▸ What to work on: Restate the whole of the data below word for word, skipping the images.

▸ Data extract:
Content starts
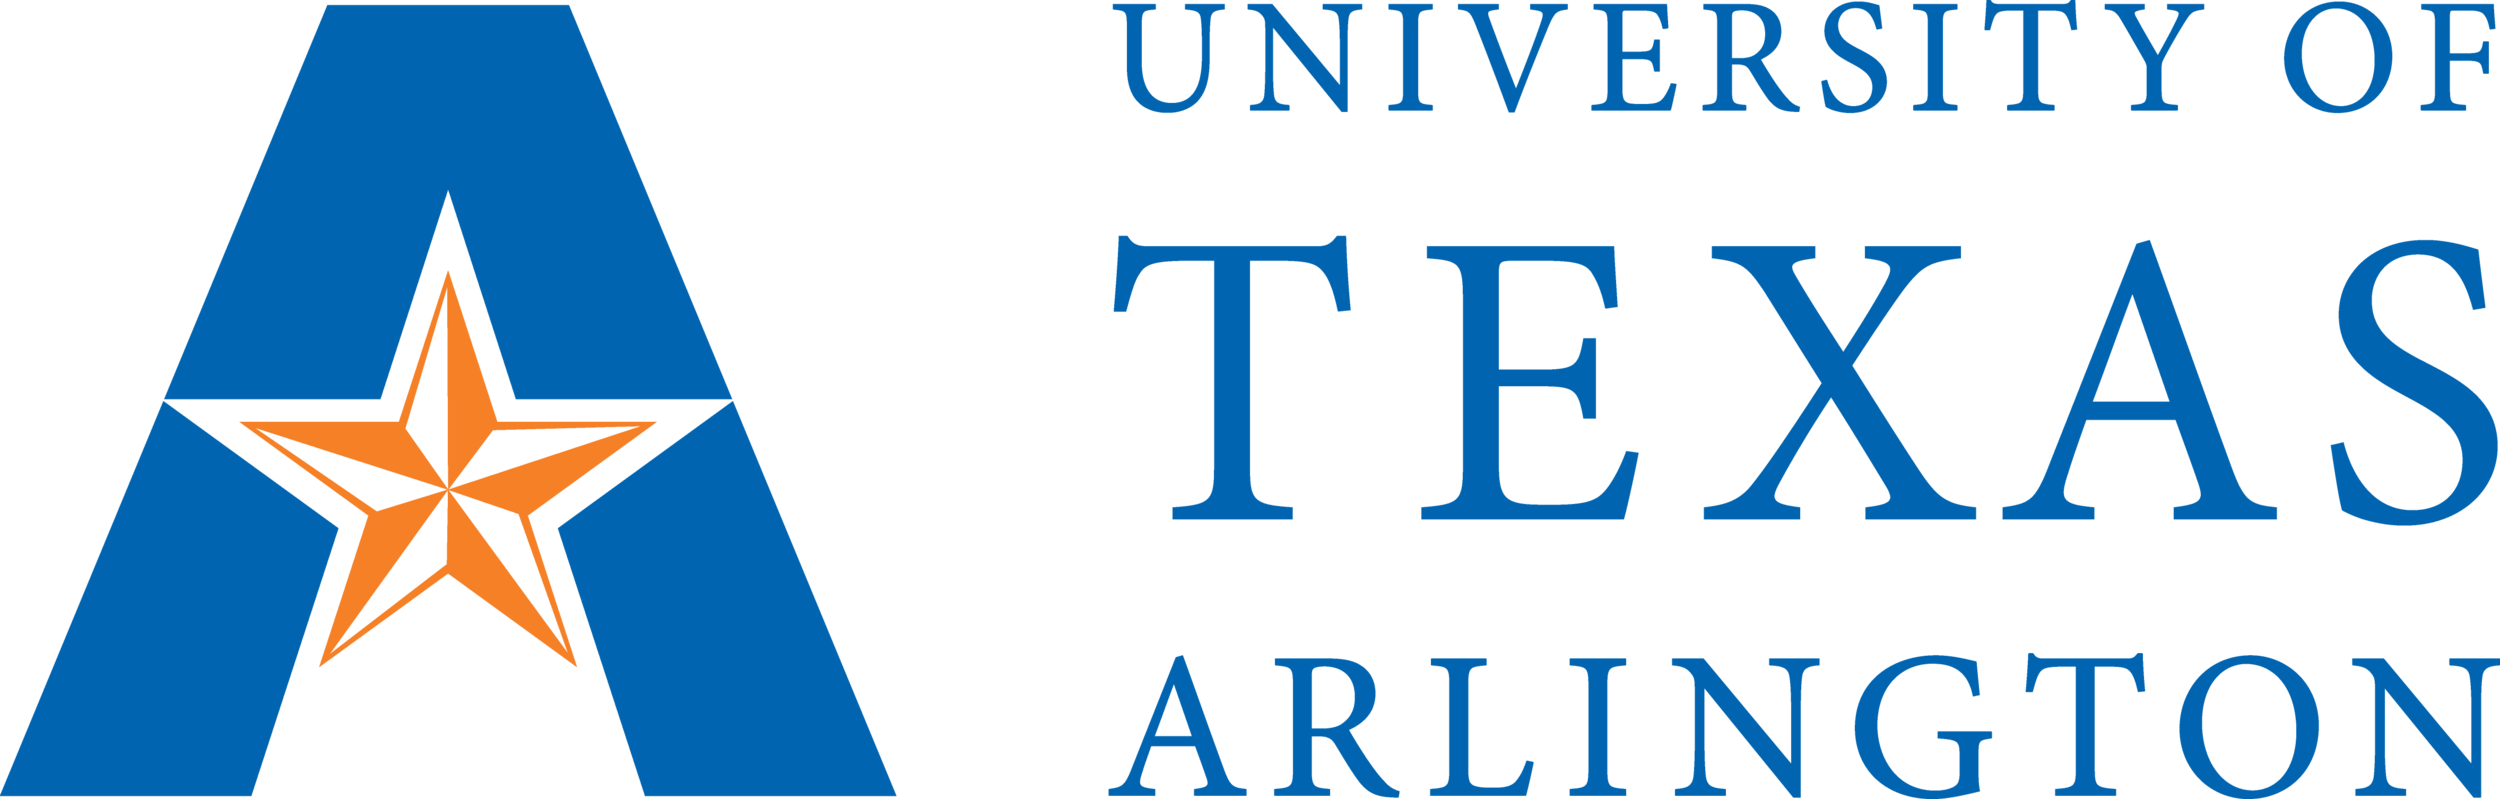 UofTArlington-logo.png
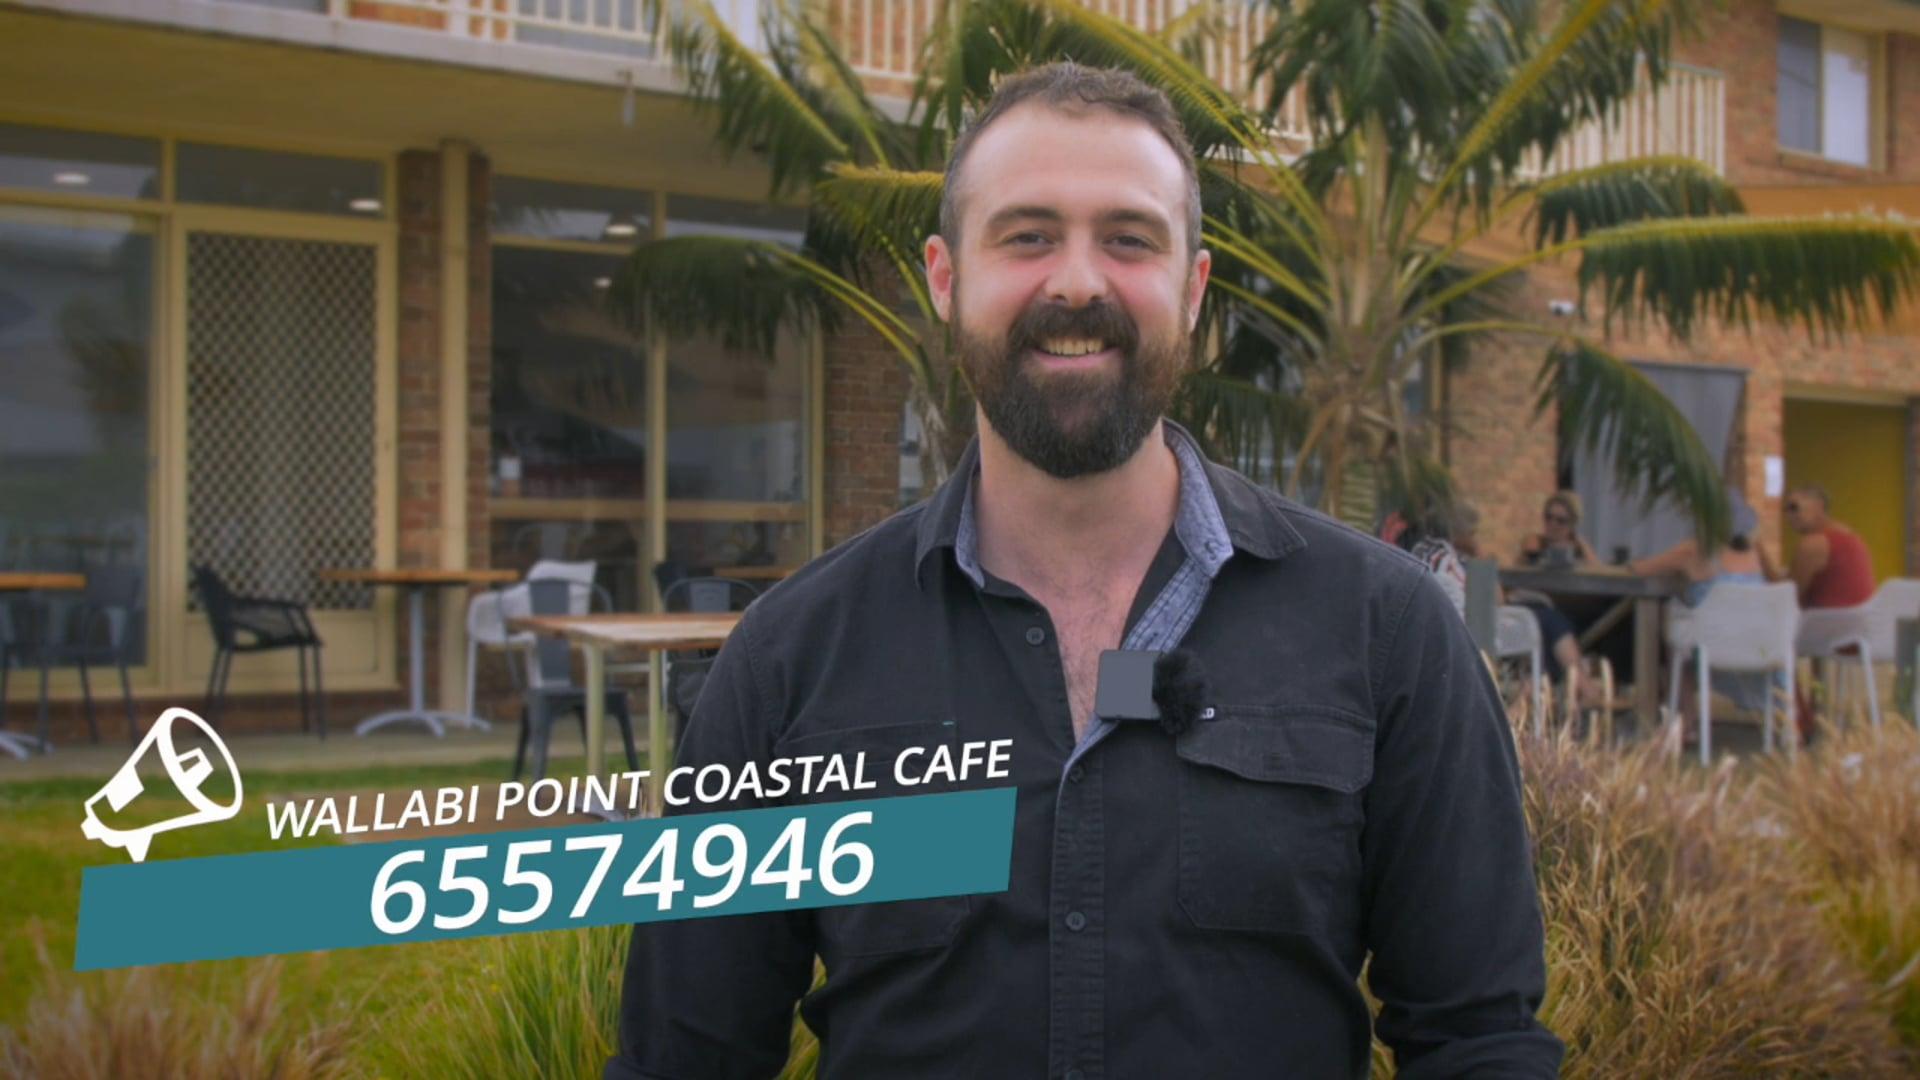 Wallabi Point Coastal Cafe - Wallabi Point
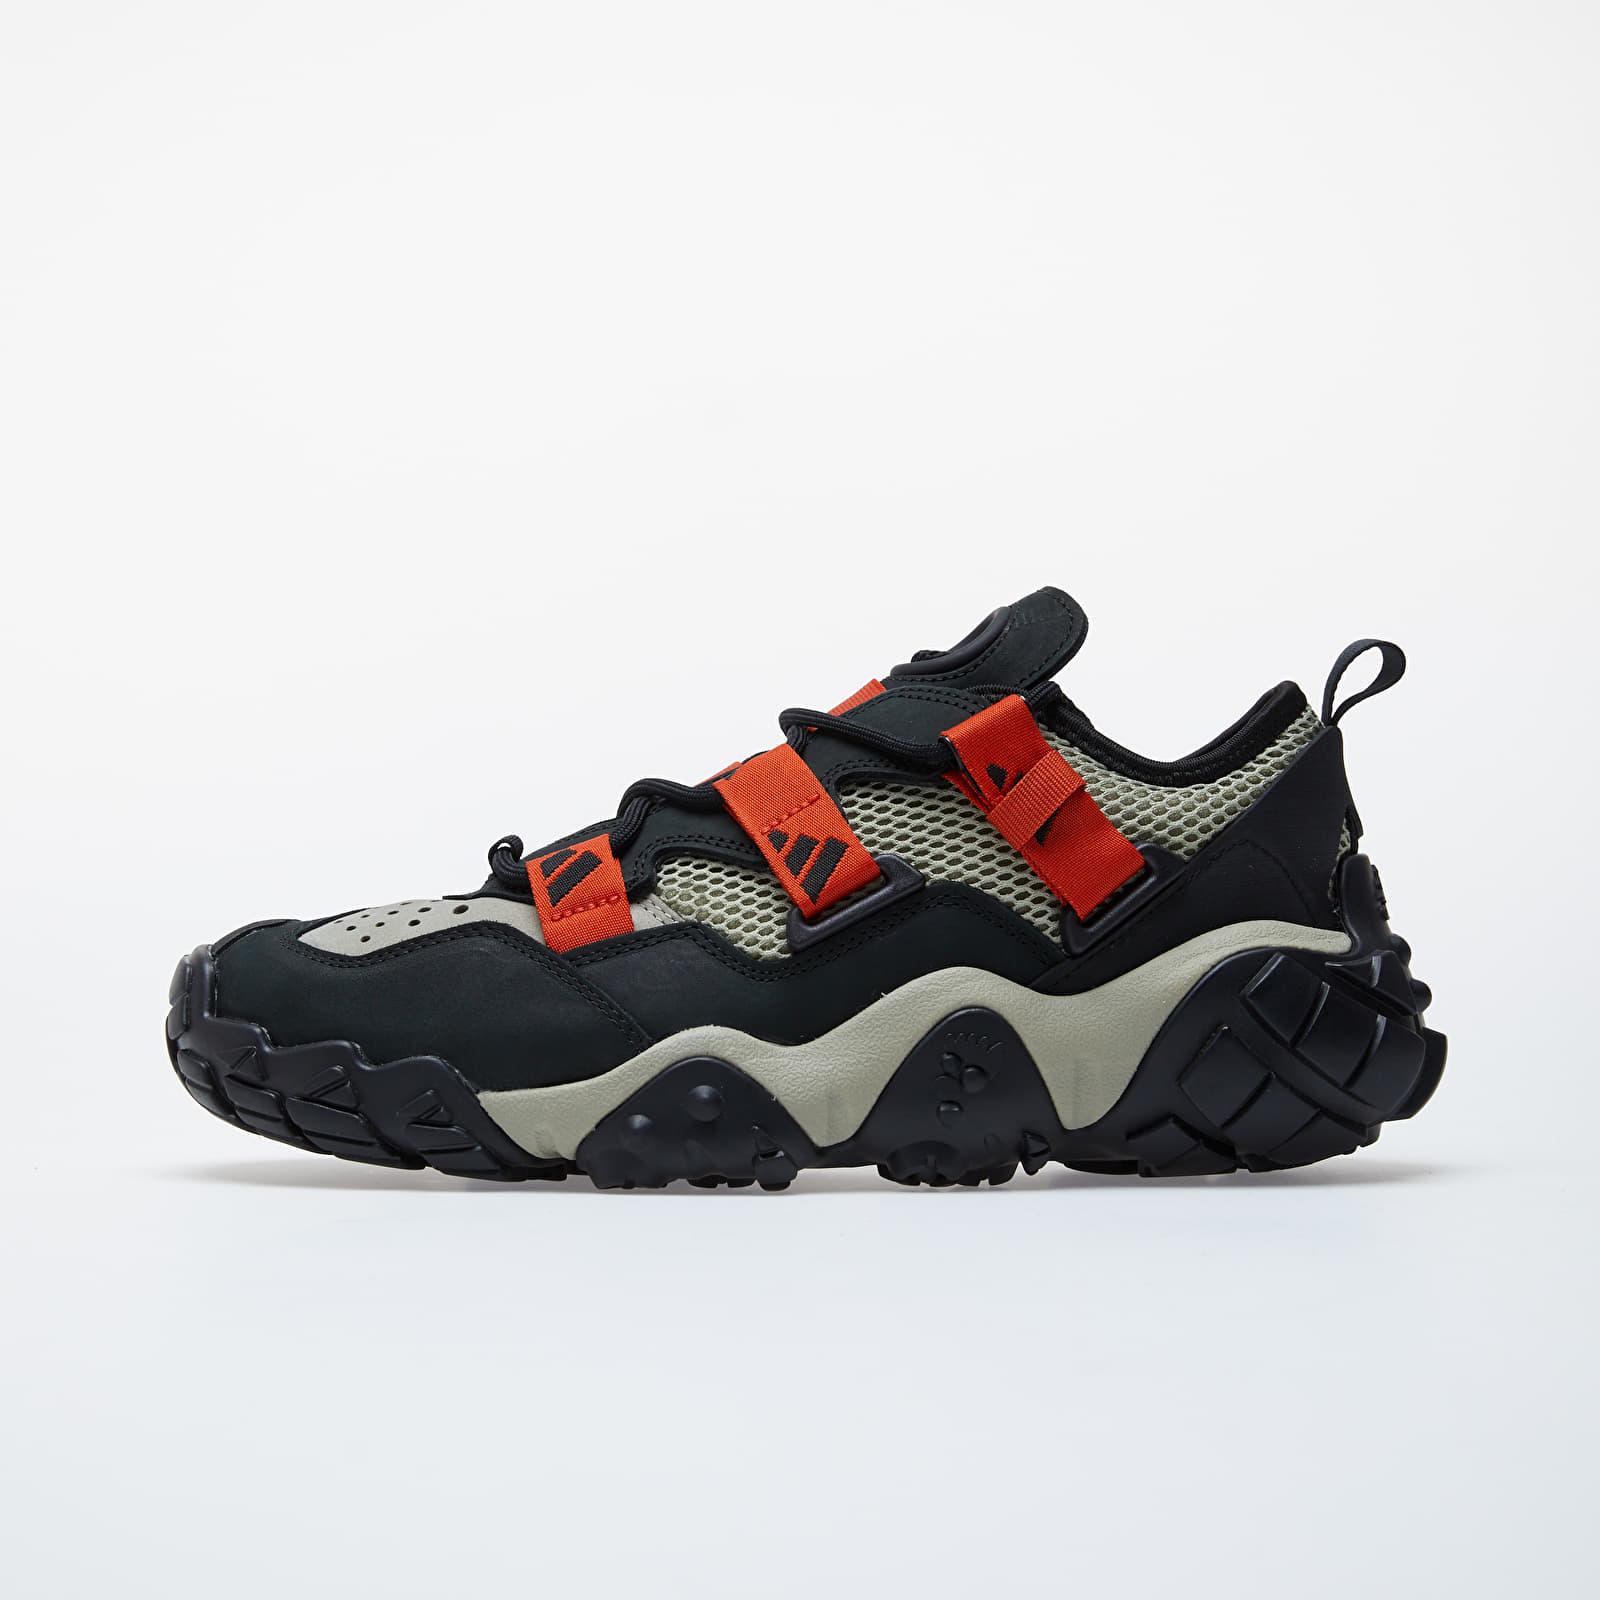 Men's shoes adidas FYW XTA Supplier Colour/ Craft Chili/ Core Black
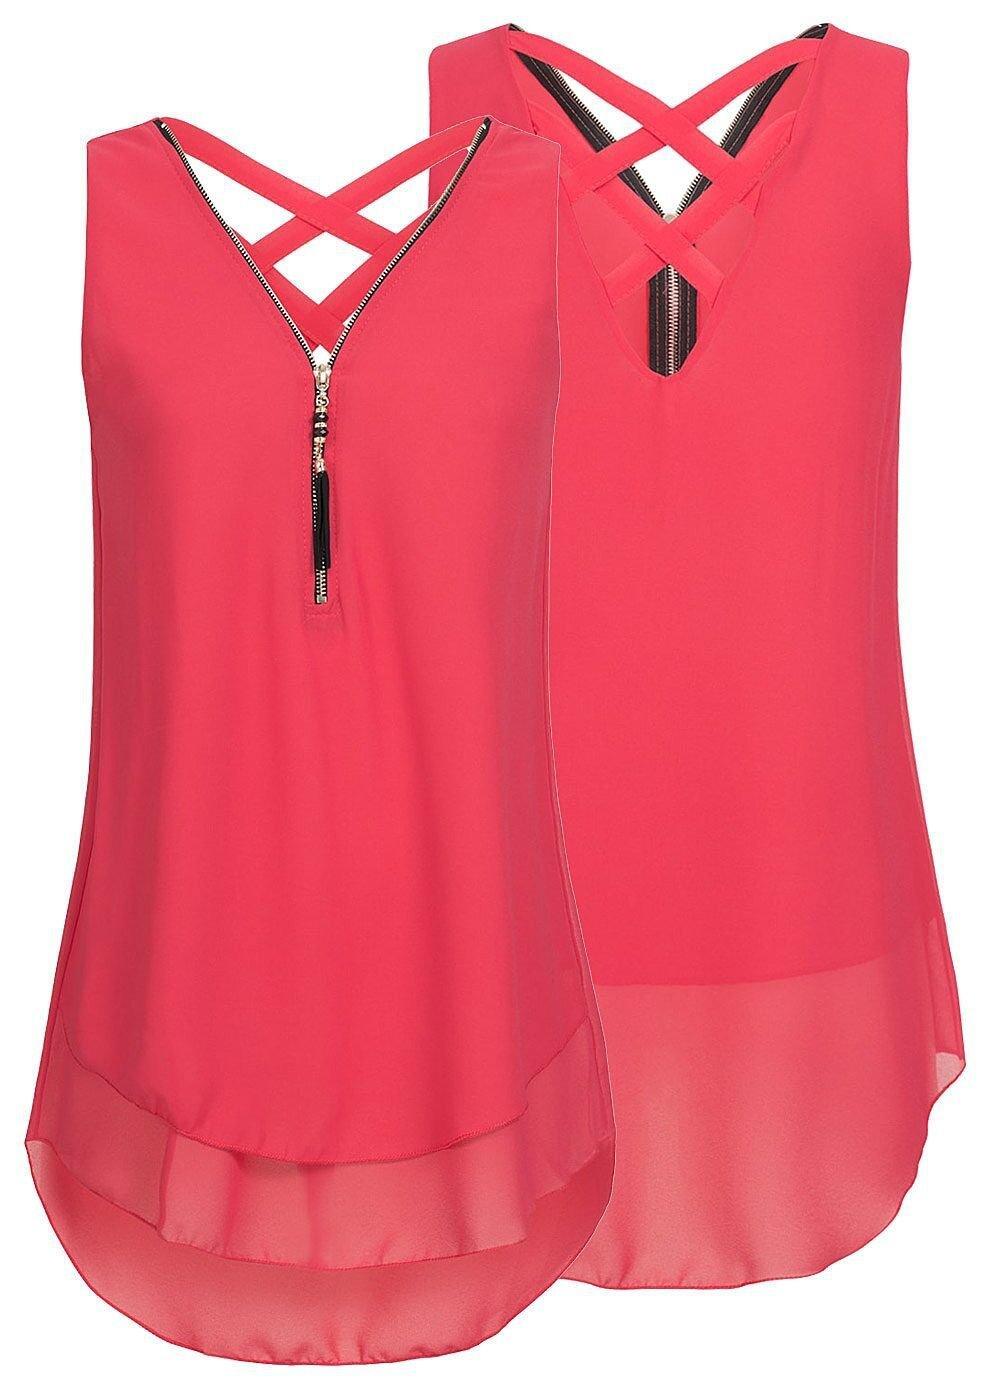 Yknktstc Womens Casual Sleeveless V Neck Chiffon Tank Top Crisscross Back Zipper Blouse T Shirt Small Style 2-Red
Content ends
▸ Response below:
 UofTArlington-logo.png
 Wallabi Point Coastal Cafe - Wallabi Point
 Men's shoes adidas FYW XTA Supplier Colour/ Craft Chili/ Core Black
 Yknktstc Womens Casual Sleeveless V Neck Chiffon Tank Top Crisscross Back Zipper Blouse T Shirt Small Style 2-Red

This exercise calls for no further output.